« June 2005 | Main | August 2005 »

July 31, 2005

It's so pretty!

I was again in the city this weekend, hanging out with friends and watching movies and window shopping. Oh the things we saw! watermellon_purse.jpgFor one, another bejewelled item in a store window caught my eye. I can't remember which store we were near, but this little watermellon purse would go well with the bejewelled iPod Shuffle from a few weeks ago. Don't you think? Like, Totally, for sure.
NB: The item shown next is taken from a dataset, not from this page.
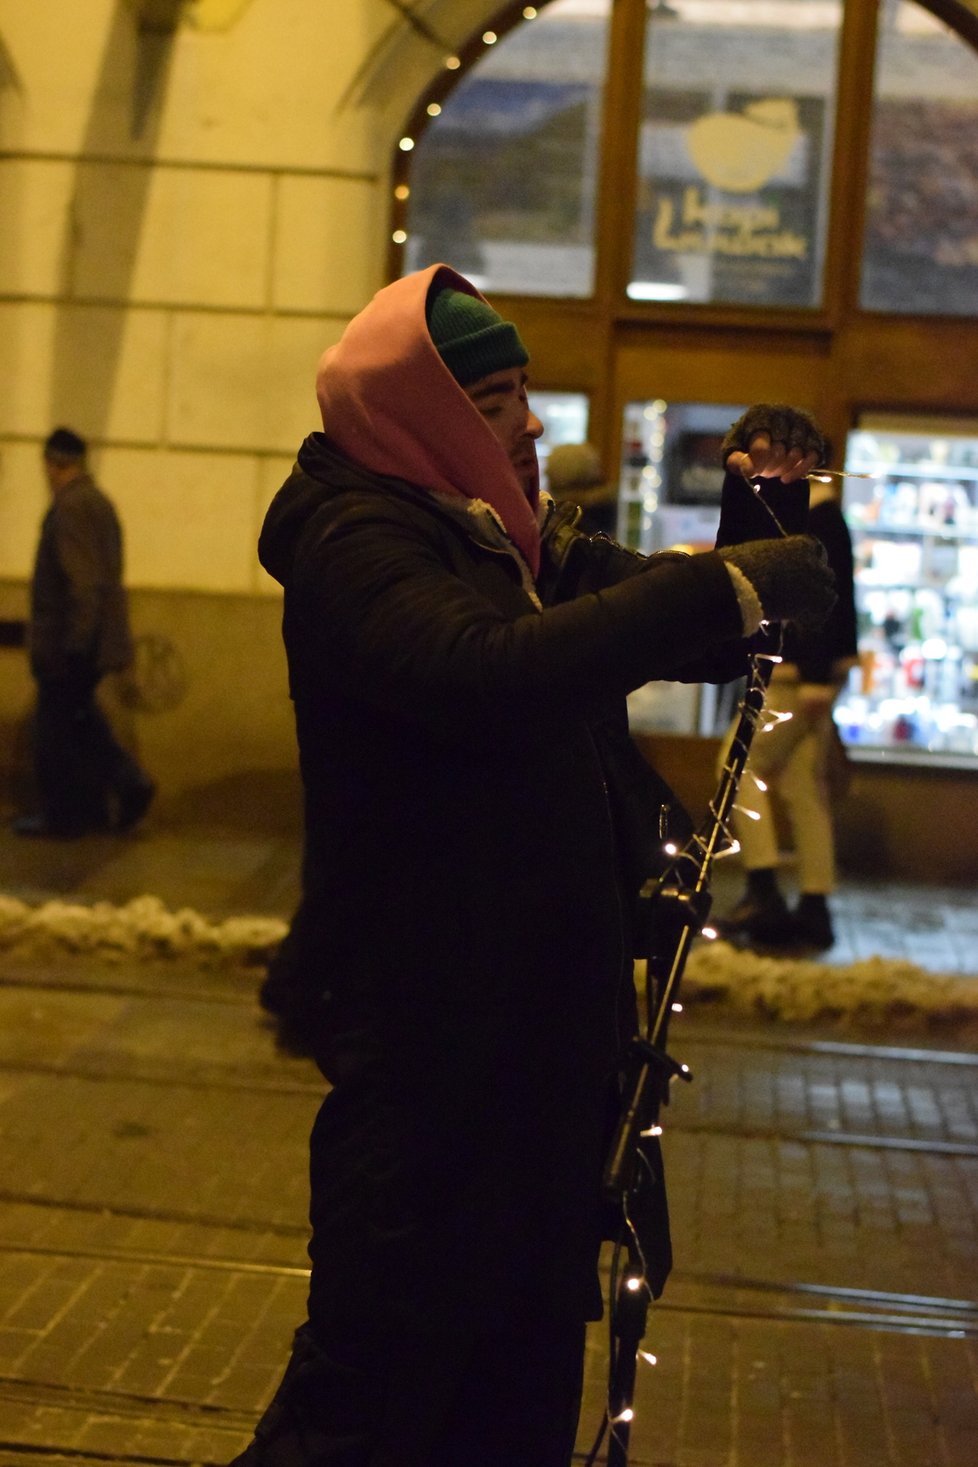 Dokumentarista Tadeáš Daněk natočil pro ČT dokumentární sérii Pickupeři o skupině mužů, kteří na ulici oslovují ženy.

I broke my old faithful Wenger Swiss Army watch a few weeks ago and haven't yet found a suitable replacement. I went to check out Barney's NY, but didn't find anything I wanted (or could afford) but I did try on a Mont Blanc watch that cost $3000. Seeing that I wasn't satisfied with mere trinkets, George takes me to Tourneau to shop for things I really cannot afford. Oh, the humanity! My Eyes were suffering from all the bling. We began at the lowest floor of the store, in the affordable section, and worked our way up. ALL the way up to the 4th floor. When the affordable section starts around $600, you can only imagine what they have upstairs. Downstairs I tried on a $10,000 watch by some company I'd never heard of. It was a little flashy for me. By the time we reached the top floor, we were being shown a Blancpain watch that ran a cool $80,000. It had automatic tourbillon winding, and it was made of platinum or dilithium crystals or something. The nice saleswoman removed it from the case and allowed me to hold this precious object, but that's as far as I got, even after I complimented her lovely eyes. Apparently my charms don't work on everyone's mom.

July 29, 2005

I can't get enough!

As if I need to promote Overheard in New York any more, but this made me guffaw in my chair at work.

There's a Keebler Elf Graveyard Up in There


A fat girl's belly is pooling over the top of her jeans.

Guy: Hey, check out her muffin tops.
Girl: Dude, those aren't muffin tops; they're a whole cake explosion.

--N train

Overheard by: Tina

No, I can't fix your computer

I actually scored as a low ranking computer geek, but thought I'd try to fight the system. See what it gets me.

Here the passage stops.